====== Collected material

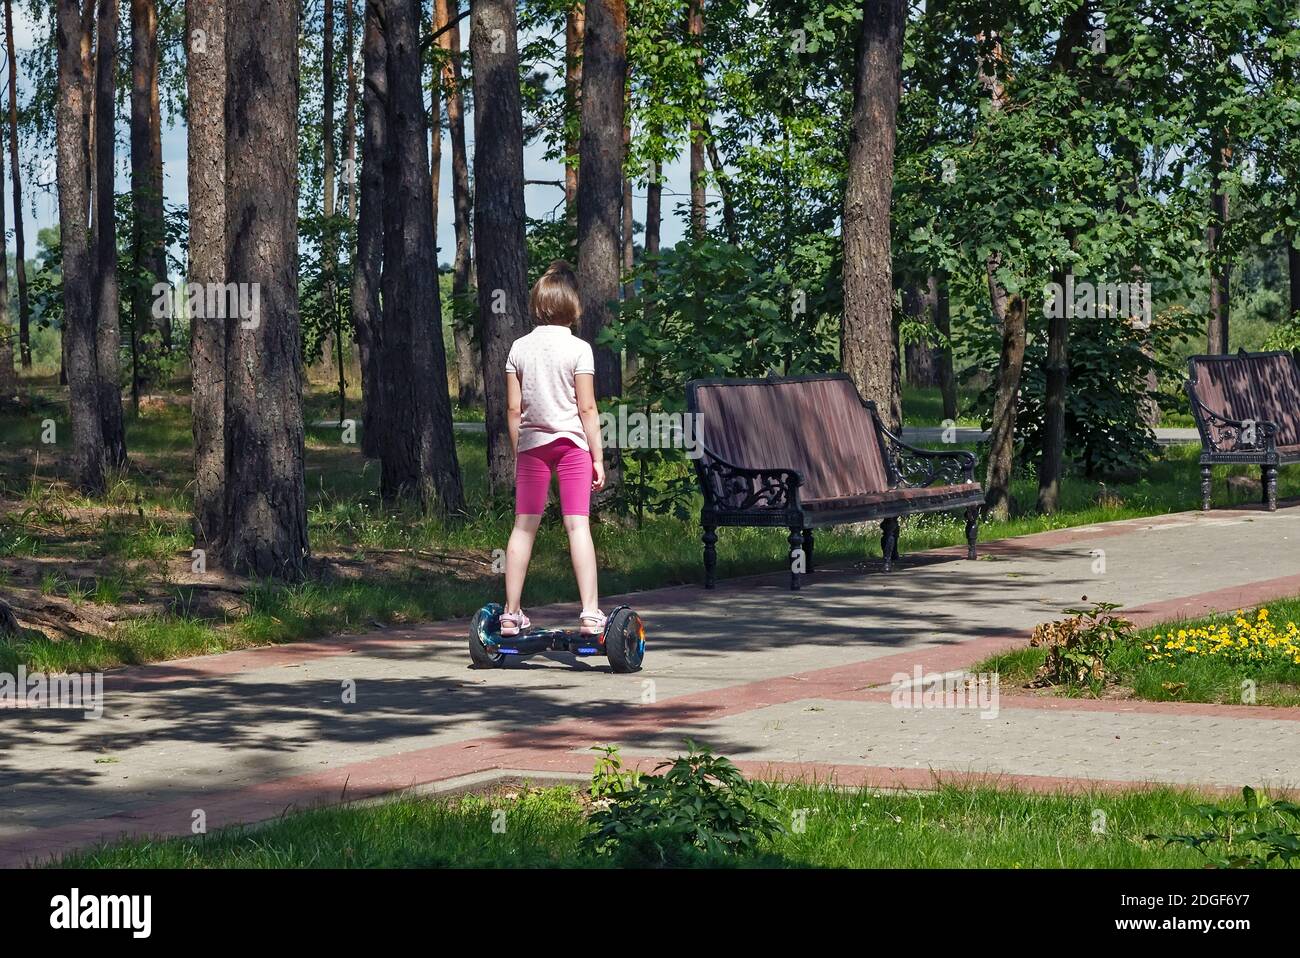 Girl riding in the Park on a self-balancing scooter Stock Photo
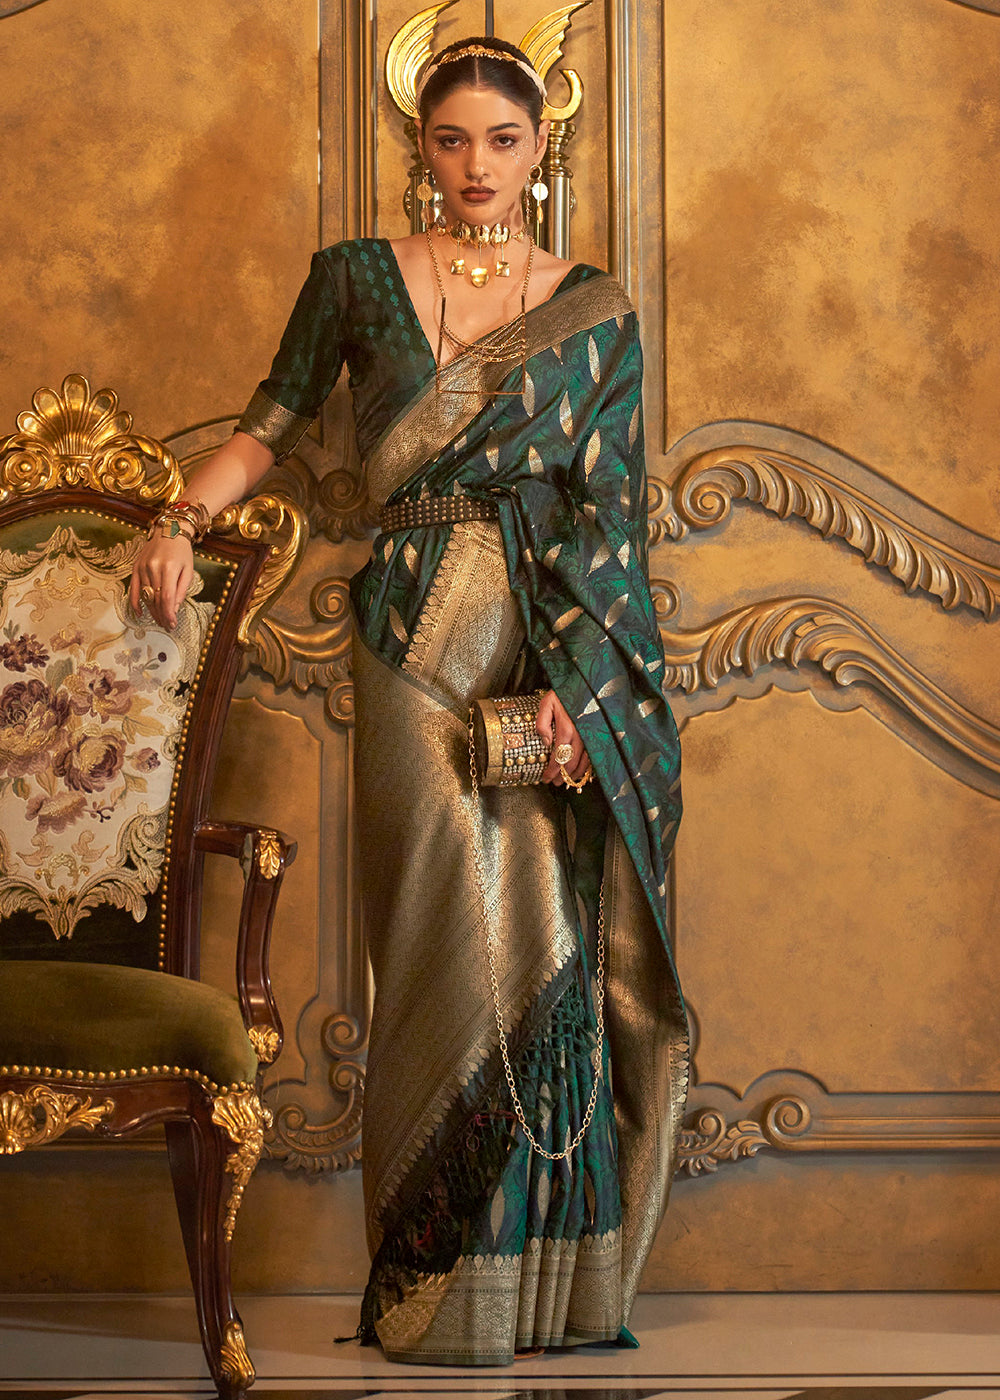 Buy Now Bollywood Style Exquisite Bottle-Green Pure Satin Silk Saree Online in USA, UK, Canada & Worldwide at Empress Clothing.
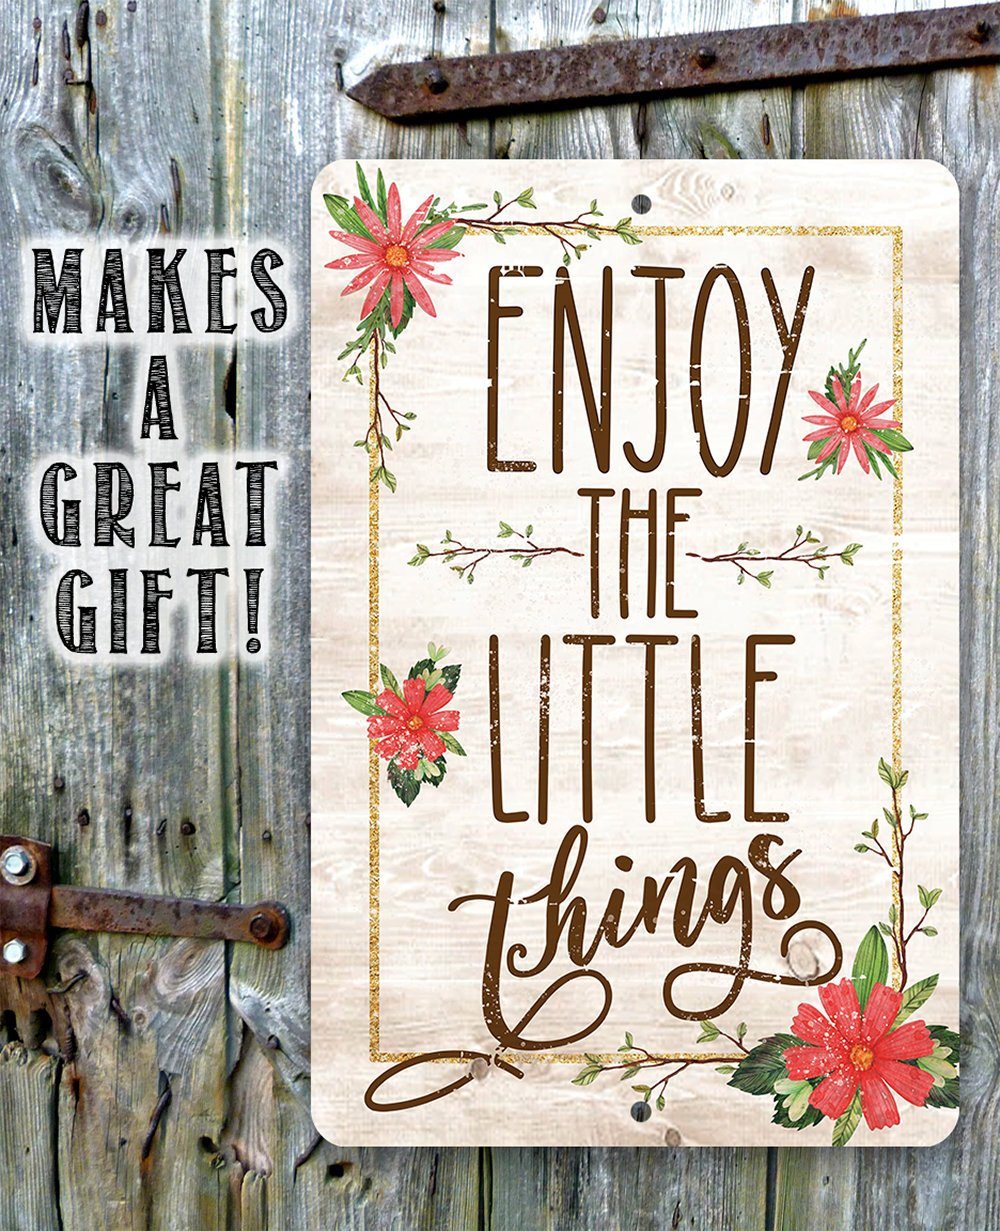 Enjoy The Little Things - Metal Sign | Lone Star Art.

============

## Instructions to follow
For this exercise, write the listing out again exactly, excluding all images.

## Reply
 Girl riding in the Park on a self-balancing scooter Stock Photo
 Buy Now Bollywood Style Exquisite Bottle-Green Pure Satin Silk Saree Online in USA, UK, Canada & Worldwide at Empress Clothing.
 Enjoy The Little Things - Metal Sign | Lone Star Art.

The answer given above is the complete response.